Acxiom Corporation (the "Corporation), acting pursuant to Sections 245 and 242 of the General Corporation Law of the State of Delaware, hereby adopts the following Amended and Restated Certificate of Incorporation.  The following Amended and Restated Certificate of Incorporation amends, restates, integrates, and supersedes, in its entirety, the Amended and Restated Certificate of Incorporation of Acxiom Corporation originally filed with the Delaware Secretary of State on August 21, 1995.  The original Certificate of Incorporation was incorporated under the name of CCX NETWORK, INC. on September 28, 1983.

FIRST:  NAME.  The name of the Corporation is:

ACXIOM CORPORATION

SECOND:  REGISTERED AGENT AND OFFICE.  The address of the Corporation's registered office in the State of Delaware is Corporation Trust Center, 1209 Orange Street, Wilmington, Delaware 19801, in the County of Newcastle.  The name of the Corporation's registered agent at such address is The Corporation Trust Company.

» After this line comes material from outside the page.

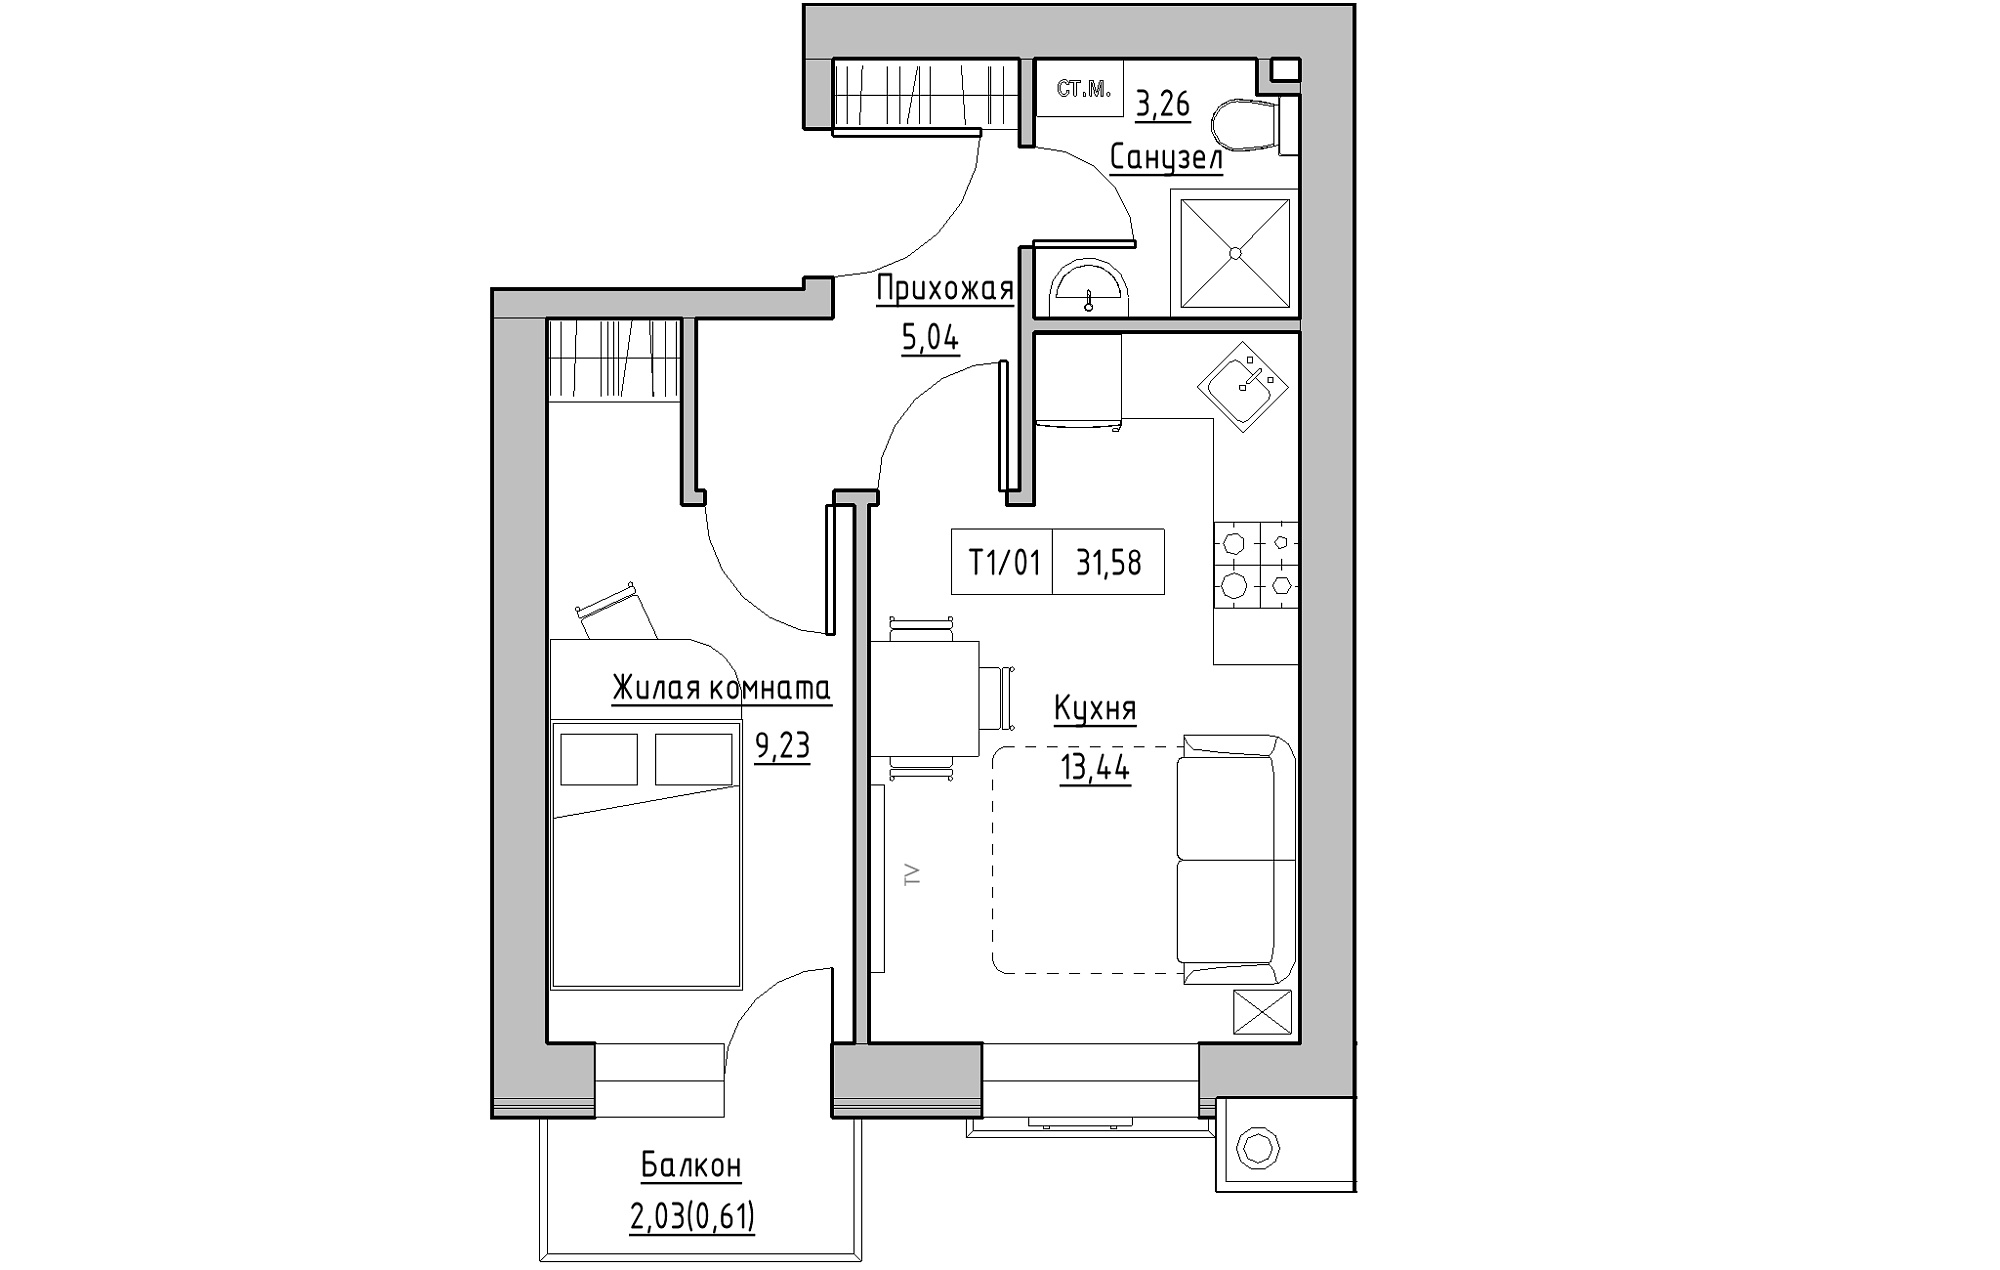 Планировка 1-к квартира площей 31.58м2, KS-013-03/0011.

THIRD:  PURPOSES.  The purpose or purposes for which the Corporation is organized are:

(a) To own, operate, sell, lease and otherwise deal in goods and services related to data processing, letter services, electronic computer operations, business machines, forms and procedures; to buy, rent, sell, lease and otherwise deal in computers.

(b) To borrow money in such amount, for such times and upon such terms and conditions as is deemed wise and expedient; from time to time to draw, make, accept, endorse, discount, execute and issue promissory notes, drafts, bills of exchange, warrants, bonds, debentures and other negotiable and transferable instruments, and evidences, as well as to secure the same by mortgages, pledge, deed of trust, or otherwise.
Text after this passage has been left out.